The Sinner Season 3 review: A disappointing return for Harry Ambrose
Ian Winterton | On 12, Jul 2020Reading time: 4 mins
Warning: This contains spoilers for the initial set-up of The Sinner Season 3.
After proving a hit as a secondary character in Season 1 of The Sinner, making Bill Pullman’s dogged Detective Harry Ambrose the protagonist of Season 2 seemed a canny move – his twisty-turny investigation into a neo-pagan cult was a fantastic chiller. He returns again for Season 3, this time in his hometown of Dorchester, New York State, but the results are patchy at best.
It starts very strongly, as the midlife crisis of needy college lecturer Jamie (Matt Bomer) leads him to call his old university roommate – the sinister Nick (Chris Messina, excellent). Spouting Nietzschean philosophy with all the earnestness of an 18-year old who’s just watched Fight Club for the first time, Nick is clearly a Grade-A bell-end – but he seems to have some sort of hold over Jamie.
After Nick muscles his way into Jamie’s seemingly perfect life – he’s living in the suburbs with his beautiful wife, Leela (Parisa Fitz-Henley), just days away from giving birth – the two men go on a night-time drive that ends with the car totalled and Nick, not wearing a seatbelt (presumably that would be a sign of weakness) bleeding to death having been hurled through the windscreen. It was, everyone agrees, clearly an accident.
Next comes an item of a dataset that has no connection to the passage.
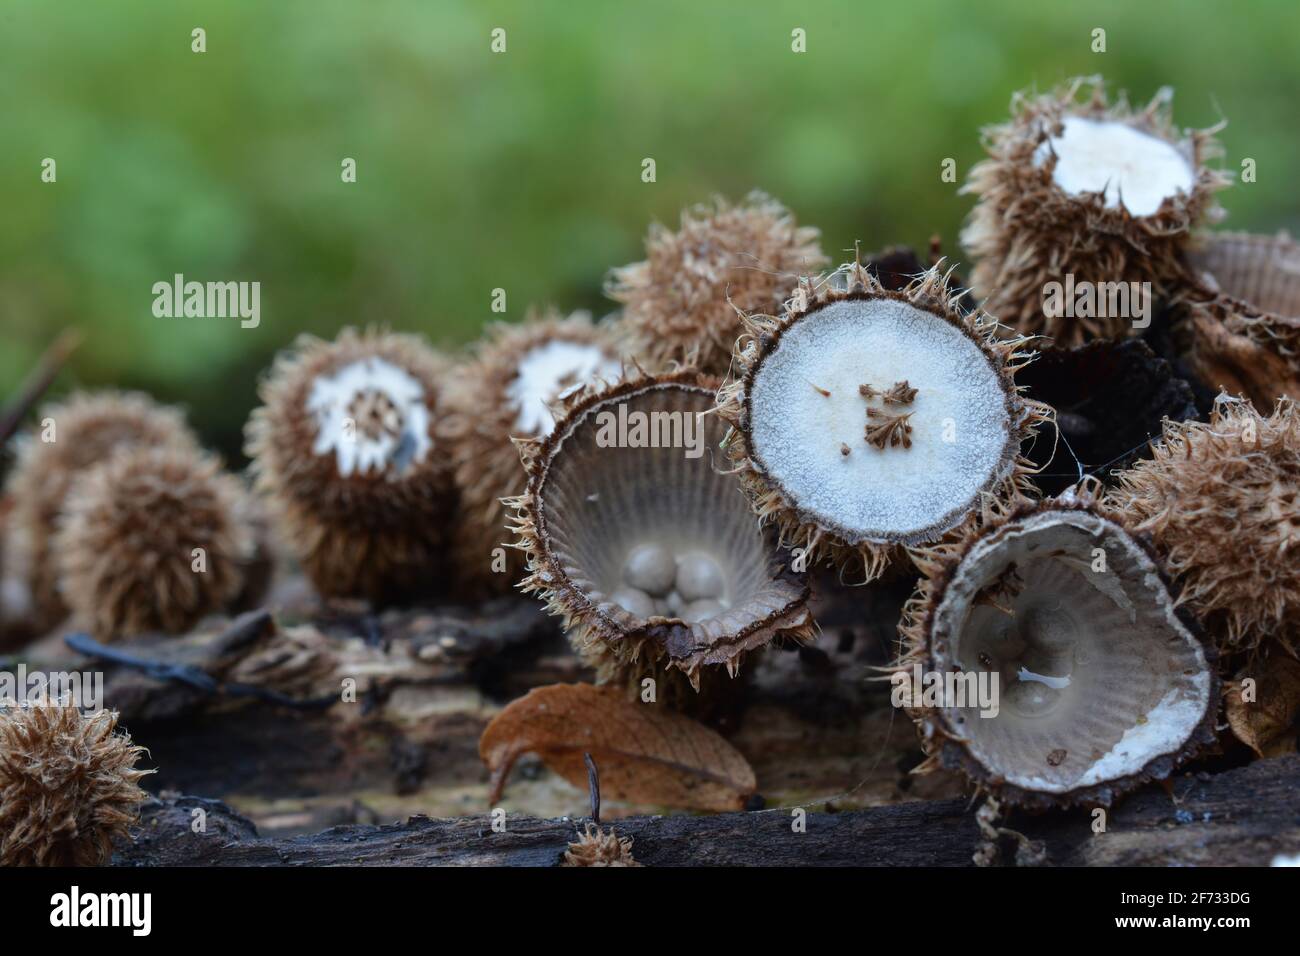 Cyathus striatus, champignon de nid d'oiseau, champignon d'apparence inhabituelle à différents stades de développement dans l'habitat naturel sur le bois pourri en plus des mounons Banque D'Images

Enter the brilliant Detective Ambrose who, in the first of the show’s many cliched moments, is the only cop who smells a rat. It will come as no surprise – at all – that, by the end of Episode 1, Ambrose’s theory is proved correct: Jamie waited an hour before calling the ambulance, wiped his prints from Nick’s mobile before tossing it into the verge, and put on the car stereo. Yes, because Nick needed a cool soundtrack for his death.
Most of this is only awful in retrospect, as the first three episodes are superbly watchable. Knowing that Jamie, although guilty of manslaughter, is not yet a murderer, gives The Sinner Season 3 a unique spin – it’s up to Ambrose to prevent Jamie becoming the nihilistic killer Nick wanted him to be. Unfortunately, Episode 4 takes this intriguing premise and drives it off a cliff – or, to be exact, into Manhattan. Ambrose buddies up with Jamie as the young man goes bar-hopping and then ends up at a party where he meets a hipster psychic who – in just one example of the show’s many tone-shifting missteps – actually is psychic.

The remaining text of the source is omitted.